Inside a rickety wooden cubical in the heart of an ancient bazaar, Mohammed Fazil unwraps a dirty cloth, revealing packets of crisp US$50 and US$100 bills.
Adjusting his turban, the Afghani customer tells the dealer to send his US$65,000 to Dubai in the United Arab Emirates -- no questions asked. The money dealer whispers a few words into the telephone. The transfer is done.
It's a routine transaction in this informal crossroads, where millions of dollars change hands each day near the stink of open sewers and horn-blaring rickshaws, just a few kilometers from the punishing civil war in neighboring Afghanistan.
For centuries, Peshawar at the foot of the Khyber Pass was a major route for traders from Central Asia and China, bearing silk, carpets and gems to India and returning with spices and cotton.
Today, that traditional role has been transformed, thanks in part to an underground economy that connects money launderers, drug barons and smugglers with banks and money agents around the globe.
Regular folks also use dealers here to send money to relatives abroad. But rules for currency transfers and taxes don't exist for the money changers of Peshawar, which makes it a paradise for shady transactions. It's tough to tell where money originates or lands.
Peshawar is a far cry from the world's glitzy financial centers.
Dealers in its currency marketplace, called Chawk-e-Yadagar, send couriers with suitcases brimming with cash to Dubai, from where the money is distributed around the world.
Old buses and cars belch clouds of black smoke past beggars, who grab at your arm. Men in traditional baggy pants and long tunics squat on the roadside to have their hair cut and faces shaven by barbers. Women stroll by in burqas that cover them from head to toe.

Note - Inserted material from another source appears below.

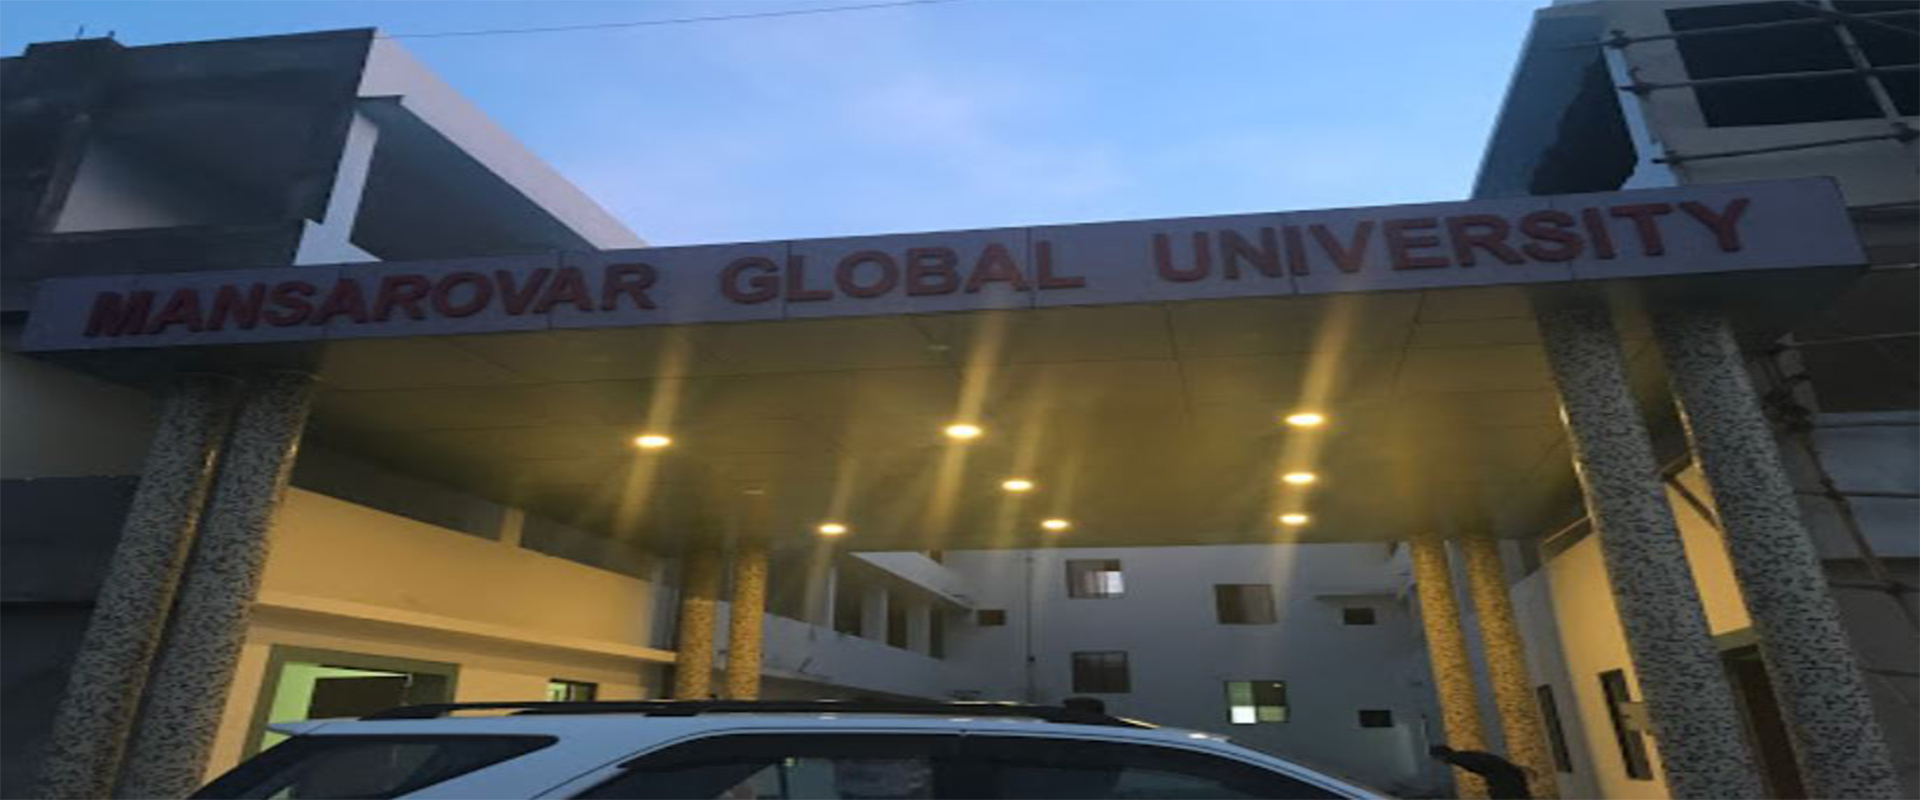 Mansarovar Global University

Most dealers at Chawk-e-Yadagar operate without government licenses.
``People prefer to transfer their money through currency dealers because they are fast, reliable and offer a better exchange rate than the banks,'' said dealer Mohammed Riaz.
Sitting cross-legged on an old carpet with a small table barely one foot high in front of him, Riaz does most of his business by phone. Nearby is a safe filled with stacks of dollars and a computer -- rare in the market -- where Riaz checks currency rates through a dial-up phone modem.
Currency rates are supplied by dealers in Karachi, the Pakistani port city, who in turn follow rates out of Dubai. But Riaz also checks rates directly from Dubai.
Few of Riaz's customers are changing money. ``Transferring money is my real work and from where I make my profit,'' he said.
The region around Peshawar, like neighboring Afghanistan, is a rugged tribal area famous for arms manufacturing and rampant smuggling.
Pakistan's military government says the underground economy costs the country billions of dollars in lost taxes and foreign exchange. They want it stopped, and have plans to regulate currency dealers, close unlicensed shops and require licensed dealers to record transactions and deposit part of daily proceeds into a state-run bank.
However, few money dealers seem worried.
``Every government makes the same statements, but nothing changes here,'' said Munir Akhar Tariq, another money dealer in Peshawar.
Part of the problem for the government is vague legislation laced with loopholes.